__Data segment__:
● ● ● ● ●

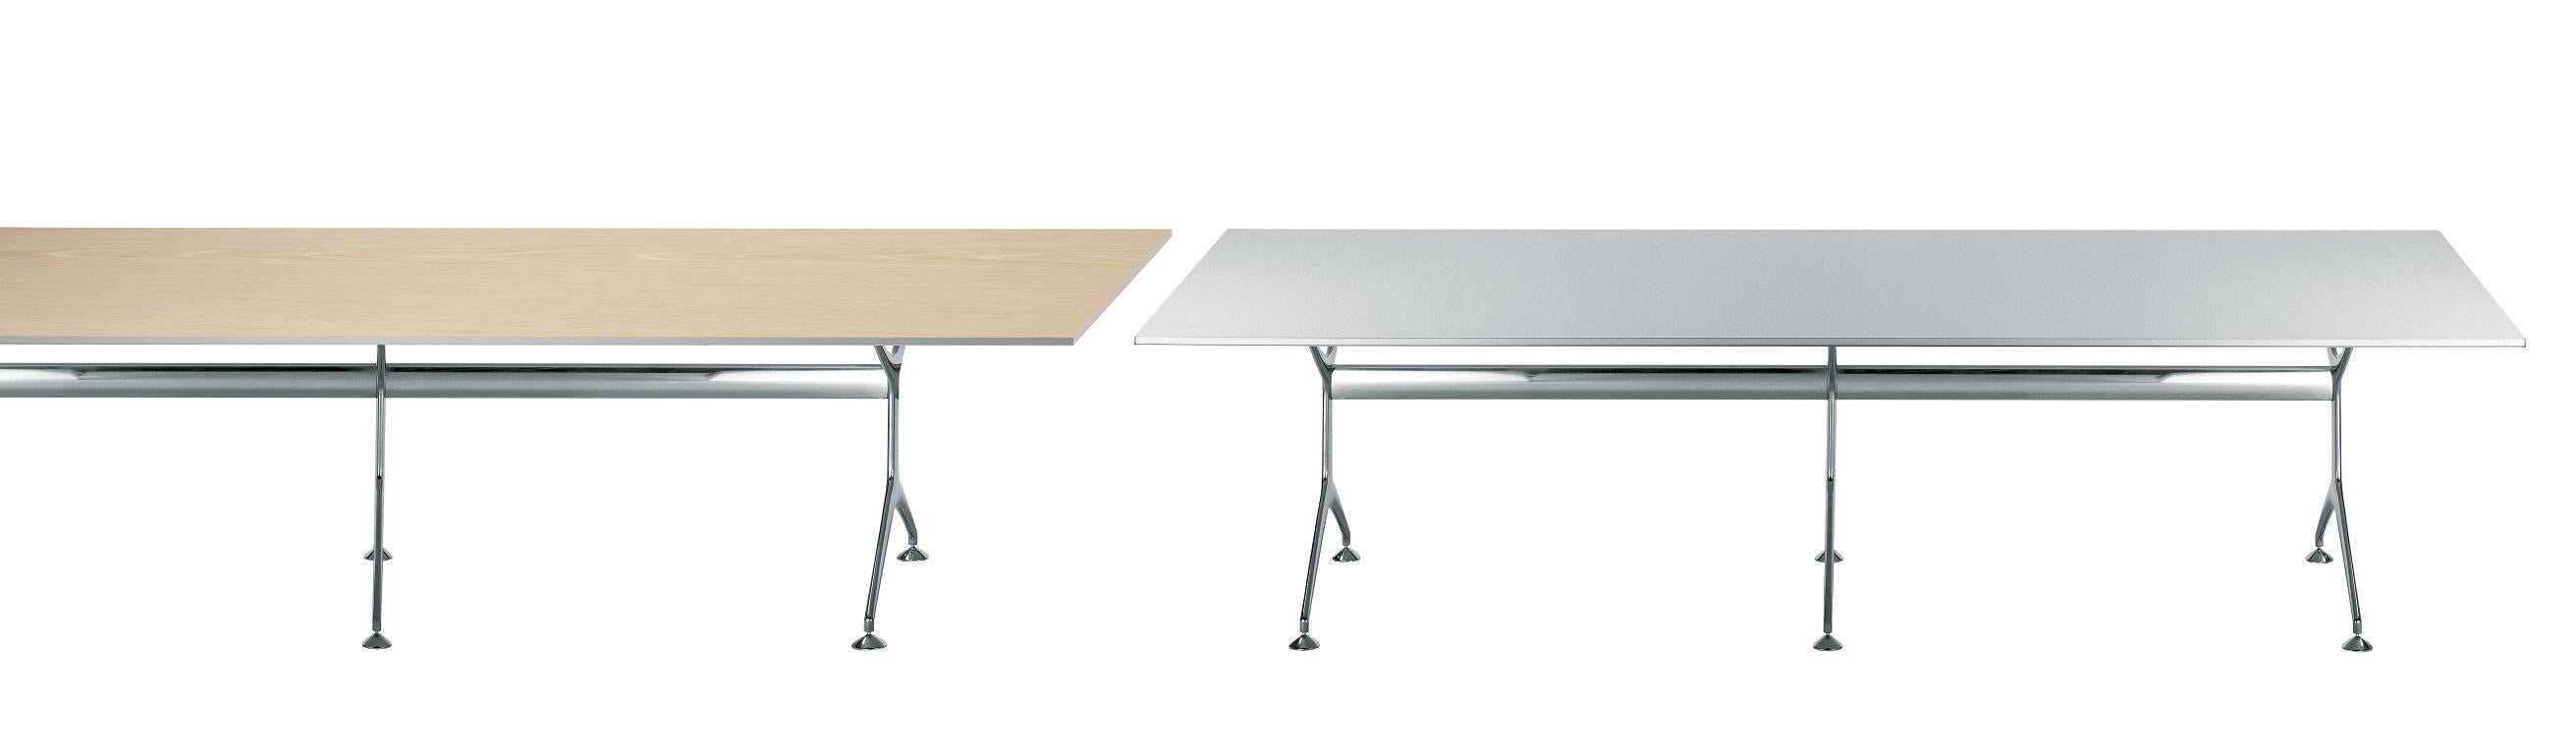 Alias Frametable 295XL in Whitened Oak Top with Polished Aluminium Frame by Alberto Meda

Fixed table with structure made of die-cast aluminium elements, with lacquered or polished finish.
Top in: - Extra light tempered glass, thickness 12 mm

● ● ● ● ●

__Exercise__: Omitting all pictures, set the listing down exactly.

__Solution__:
 Alias Frametable 295XL in Whitened Oak Top with Polished Aluminium Frame by Alberto Meda

Fixed table with structure made of die-cast aluminium elements, with lacquered or polished finish.
Top in: - Extra light tempered glass, thickness 12 mm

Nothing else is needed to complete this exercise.